Asentí con miedo, percibiendo un escalofrío que comenzaba a recorrer mi cuerpo. Él continuó con su explicación.

-Cuando eras un adolescente lleno de energía juvenil, me quedé con un poquito de ella. Durante años me diste la mitad de esa hermosa y pura fuerza que tienen los jóvenes. ¿Te acordas como lo hice?

Pensé y rápidamente supe la respuesta.

-El vegetarianismo.

-Así es- respondió sonriente.- Con ese verso quedaste mansito mansito. ¿Y te acordás cuál fue el último intercambio?

Me esforcé por recordar que podía haberme faltado durante los últimos años pero no logré llegar a ninguna conclusión. Finalmente lo dijo él.

-La última vez decidí llevarme tu bienestar dejándote unas lindas hemorroides.

Me levanté de la silla lleno de furia. Si hubiera tenido enfrente a una persona normal, lo hubiera golpeado hasta cansarme por causarme tantos años de intenso dolor.

-Pero todavía tengo hemorroides- reclamé.

-Y también todavía tenés familia. Cuando quieras podes dejar de tener ambas cosas. Avisáme – respondió con soberbia.

-¿Qué querés ahora?- me envalentoné para demostrarle que no me amedrentaba ante él, mientras imaginaba mi nombre entre la lista de los autores más vendidos del año.

-Lo poco que queda de tu sentido del humor- respondió desafiante desconcertándome por completo. Tuve ganas de preguntarle para que le serviría, pero temí que al intentar hacerlo terminara por darse cuenta de que el pacto no sería tan beneficioso para él.

-¿Por cuánto tiempo?- averigüé.

-Durante todo el tiempo que desees triunfar.

Comprendí que ya casi no utilizaba mi sentido del humor. De hecho, no logré recordar la última vez que lo hice.

-¿Dónde firmo?- le dije mientras con un cuchillo me pinchaba la yema del dedo gordo hasta que una gotita de sangre saliera de él.

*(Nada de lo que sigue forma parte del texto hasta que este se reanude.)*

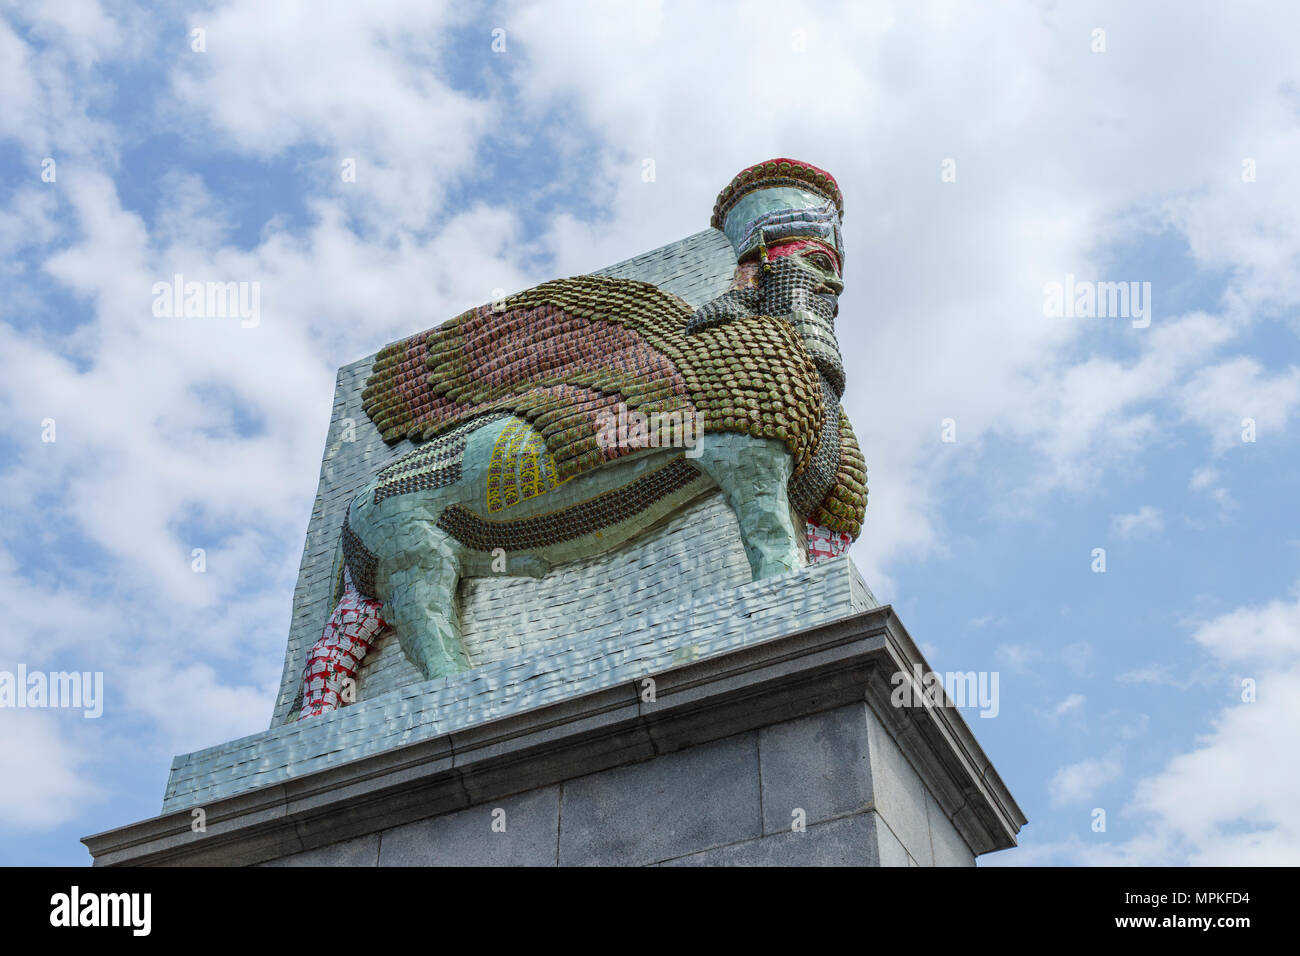 L'Assyrien Lamassu statue, l'ennemi invisible ne devrait pas exister, Quatrième soubassement, Trafalgar Square, Charing Cross, Westminster, Londres WC2 Banque D'Images
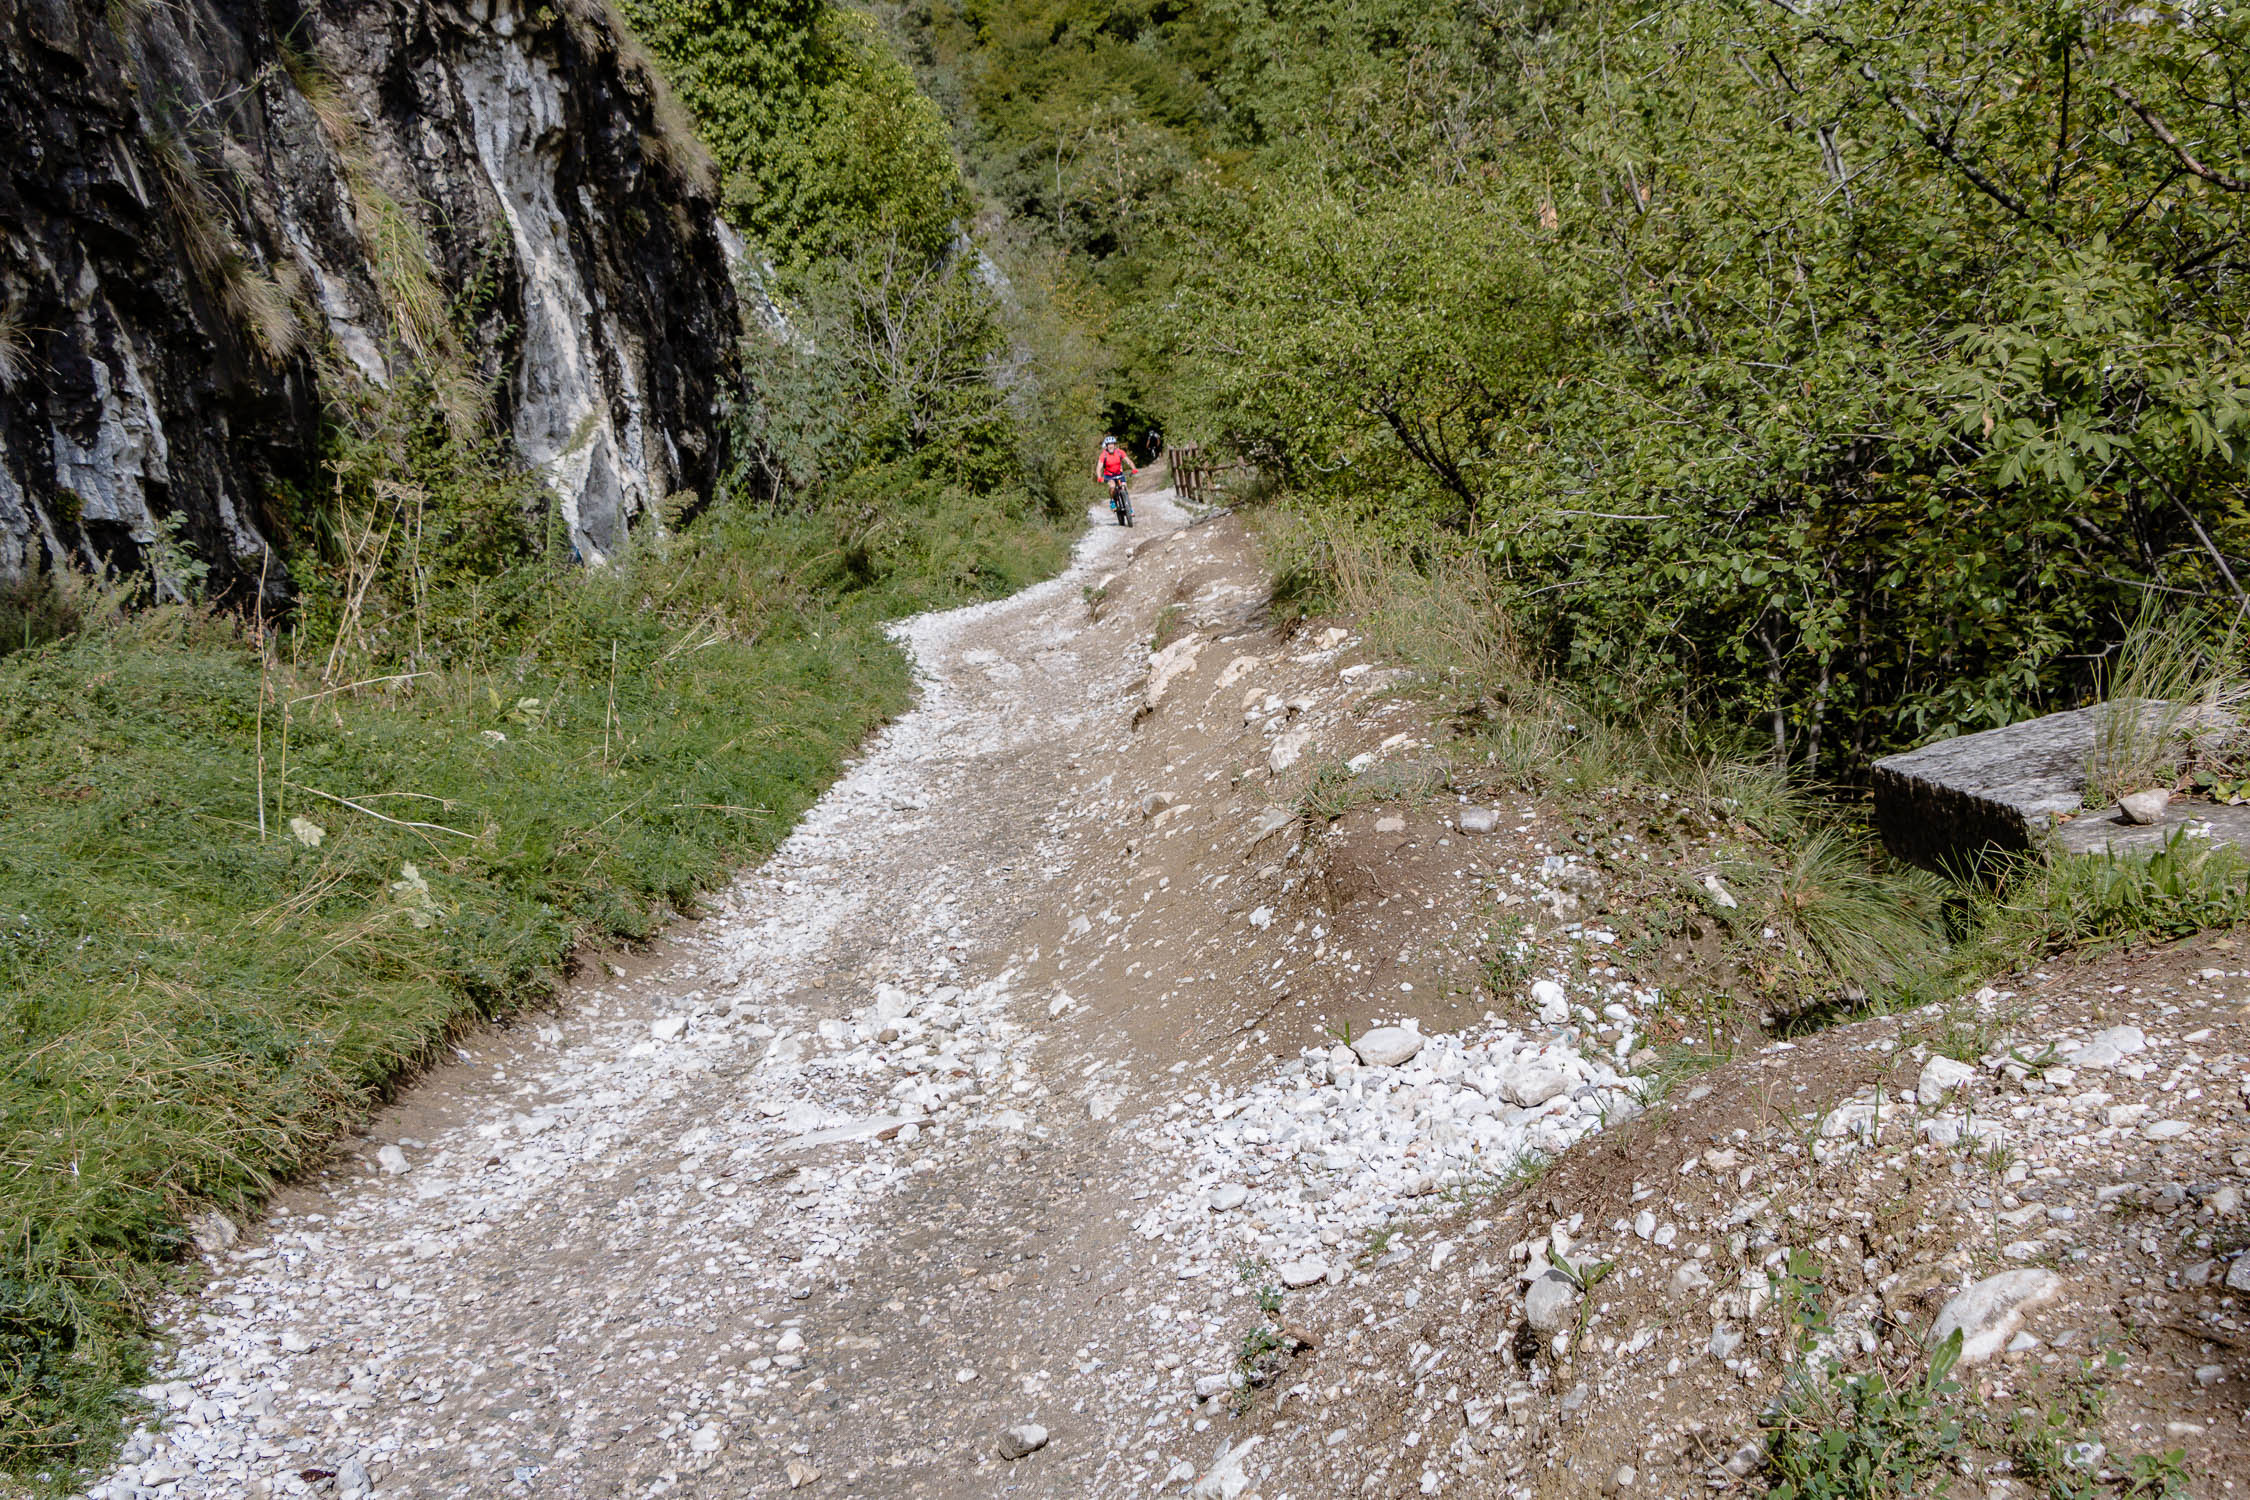 Riva del Garda am Gardasee ideal zum Wandern und Radfahren, Trentino, Italien, Pregasina, Lendrotal, Monte Brione, Bastion, Ponale-Strasse, MAG-Museo,

-¿Estás enfermo Leandro?- me preguntó mirando el hilo de sangre caer de mi dedo. – Y además estás viendo demasiada televisión. Acá no hay pactos de sangre, ni garantes de ningún tipo. Basta con un solo gesto de tu parte para que el pacto quede sellado.

-¿Entonces qué tengo qué hacer?- le pregunté mientras me envolvía el dedo con una servilleta de papel.

-Publica esta conversación. Hacelo detalladamente sin olvidarte de ninguna palabra ni ningún gesto y desde el momento en que ese texto este on line, el pacto quedará sellado y el éxito comenzará a llegar a vos. ¿Estas de acuerdo?

-De acuerdo- respondí convencido.

Sin darme tiempo a preguntar nada, desapareció dejándome solo frente al teclado.